I was exactly 17 weeks at my appointment yesterday and I was really hoping that he would let me schedule my anatomy scan for 18 or 19 weeks.  I had it at 18 weeks with Angel.  But, no, he wants me to schedule it between 21-26 weeks. Ahh!  That feels so far away!!  Also, he wants me to go a specialist for the ultrasound.  He read me notes from the Dr. who did Angel’s C-section that said there is a 3-8% chance of repeat renal agenesis.  Why did he have to tell me that?!?  We were never told that. We were repeatedly told that Angel’s condition would not reoccur in subsequent pregnancies, that there was nothing genetic about his diagnosis and that it was like a strike of lightning, extremely rare and only happens once.  After the appointment, I talked it out with Arturo and reasoned that the Dr. put that in his notes because he probably couldn’t put 0%.  I mean, he can’t actually know for sure that it would NEVER happen again, so he put a very small % in.  I’m trying not to let it freak me out.  Before bed last night, I almost did a google search to see if I could find any stories about moms who have had two babies with the same condition, but I talked myself out of it.  It’s gonna be a long 4-9 weeks of waiting until I know for sure though!  They will call me to schedule the ultrasound sometime in the next week.
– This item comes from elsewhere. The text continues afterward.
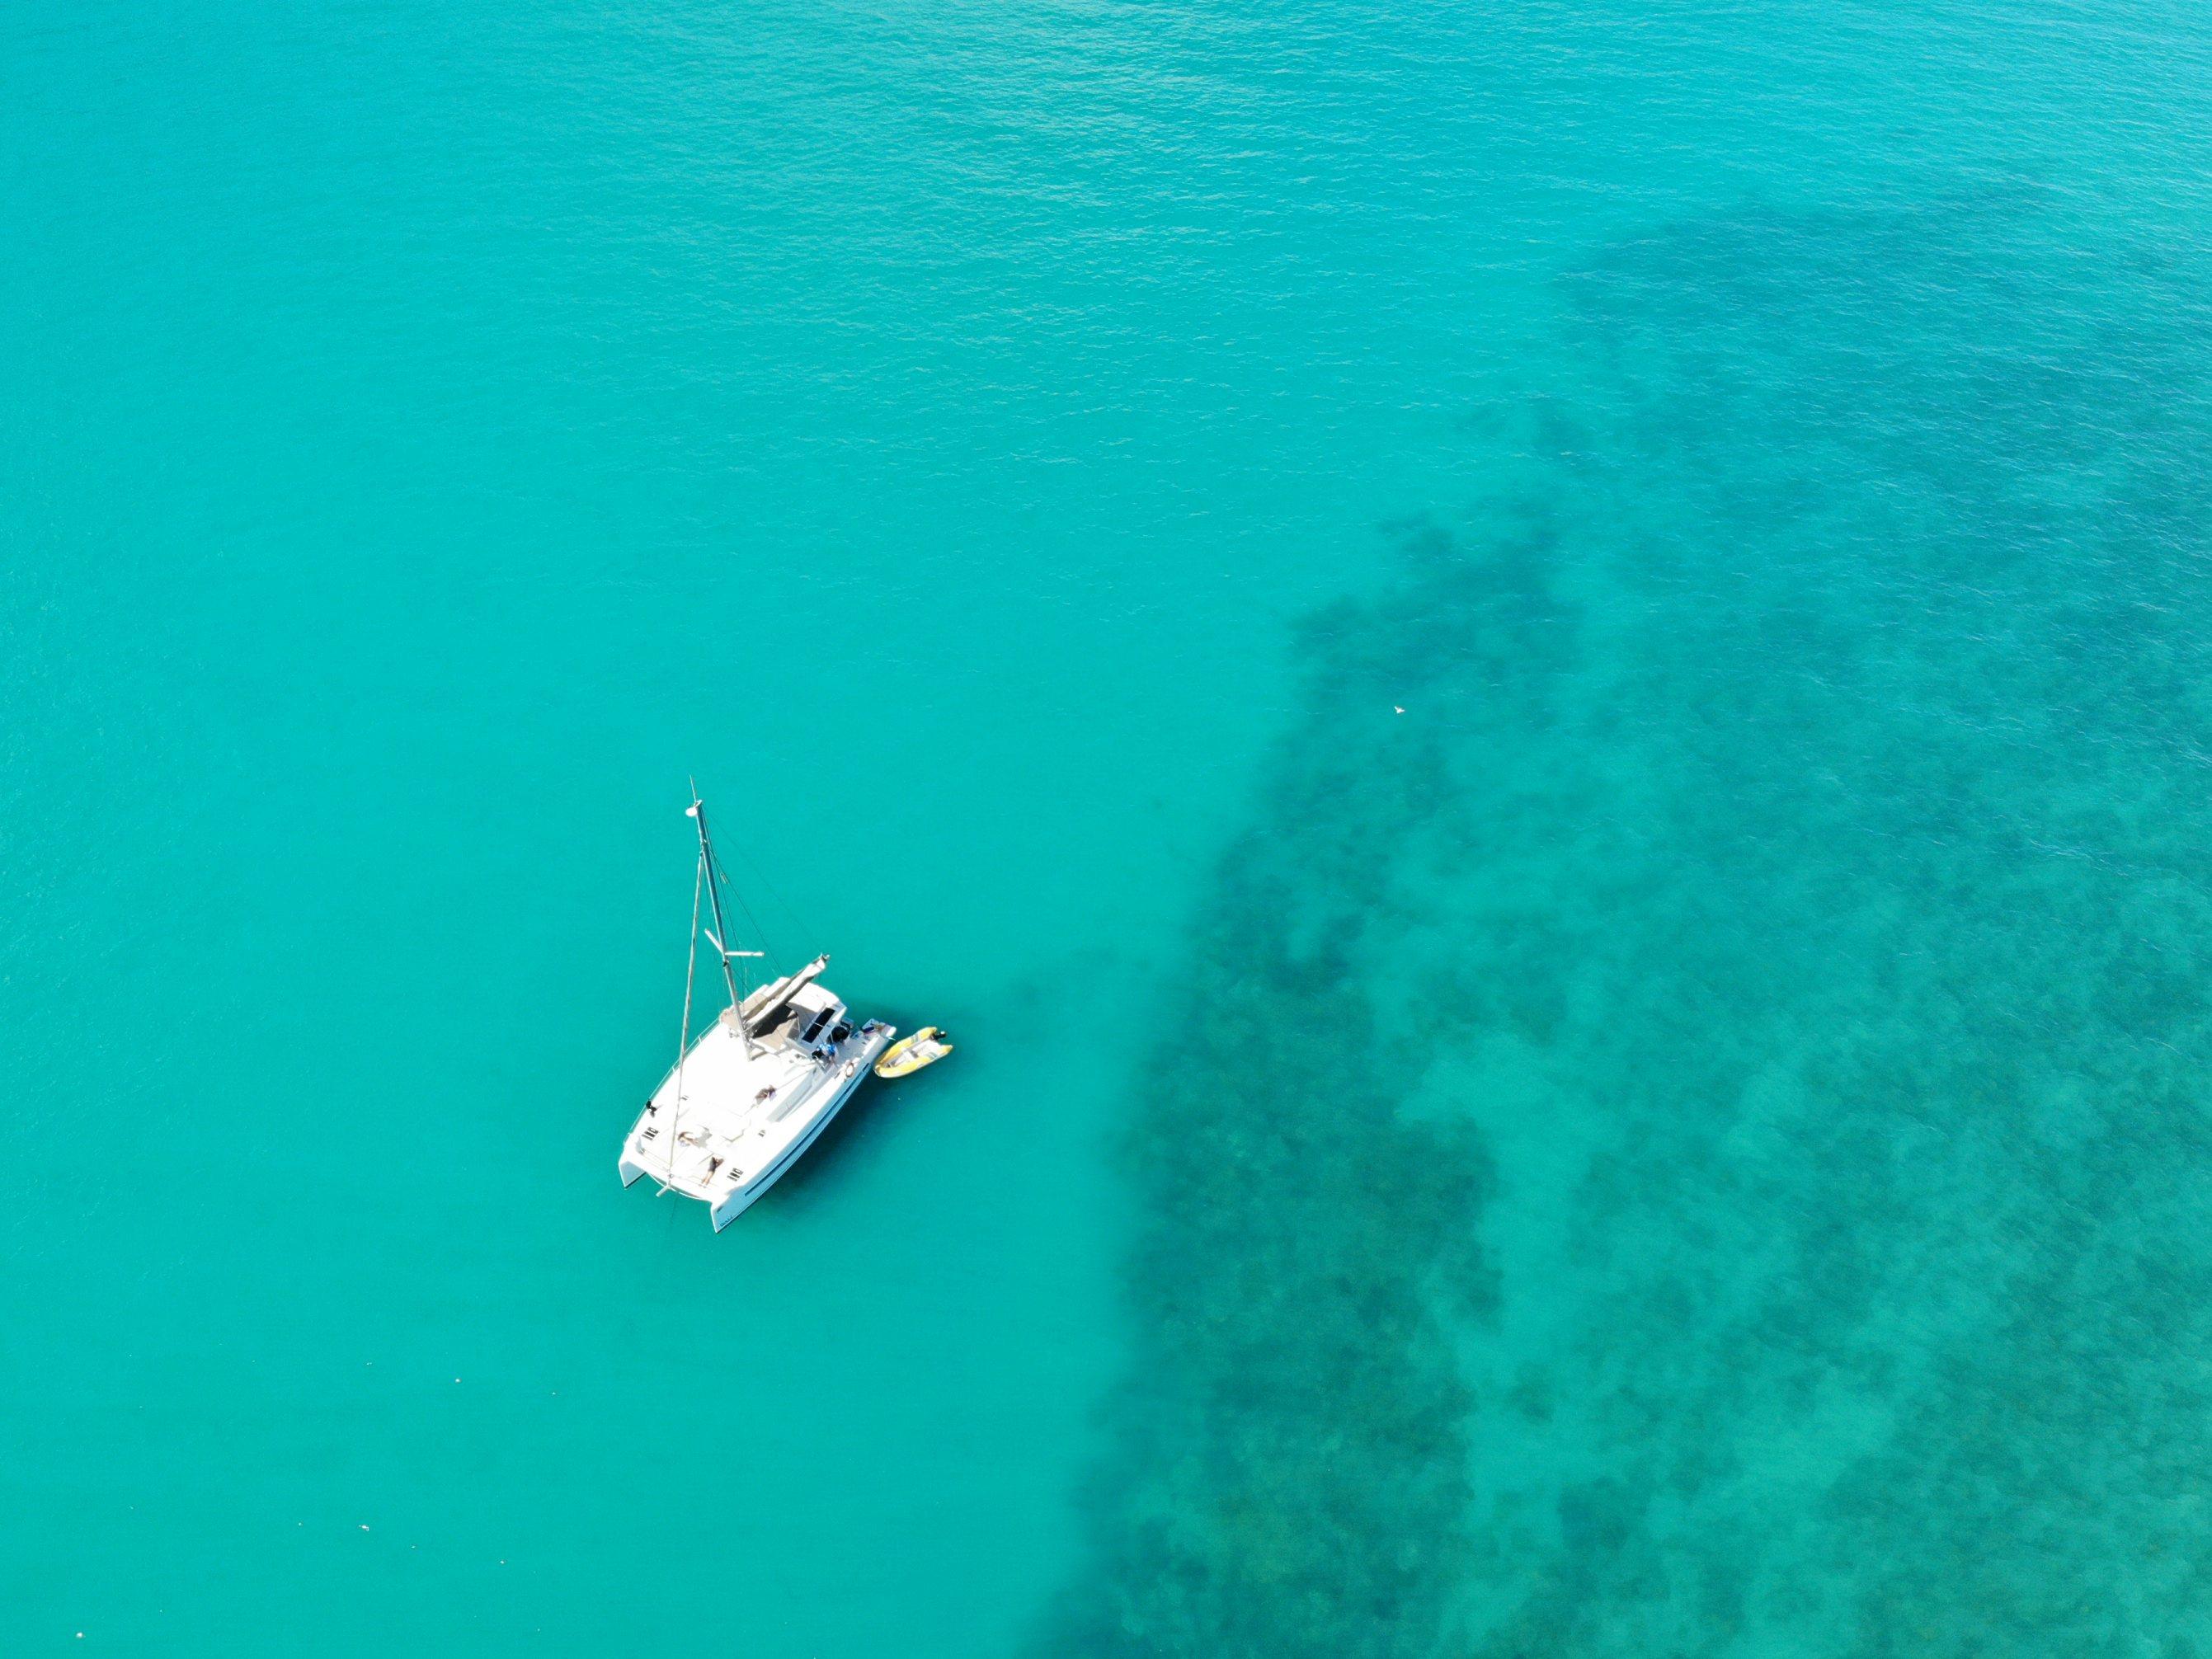 Vacances en bateau: Le Guide!

We did schedule my C-section yesterday.  I had a C-section with Angel and since this will likely be my last pregnancy, I decided to go that route again.  I am terrified of a failed VBAC.  I don’t want to spend hours laboring only to end in a C-section anyway.  I know there is no way to predict how my labor would go, but I just decided I don’t need anymore reasons to be panicked and am going for the C-section.  And the best part?!?  The C-section is scheduled for my birthday!!!!  So, unless there is a reason to move it up, this year will be the best birthday ever!

 

the little things

16 Mar

Today, even though I have been extremely nauseous and I had to go the dentist (my least favorite place in the whole world) I am thankful!

Today is my last Progesterone injection!! Woohoo!! I am so ready to be done with the shots! But, mostly, thankful that my pregnancy is going well enough that I can quit the shots and baby is fine!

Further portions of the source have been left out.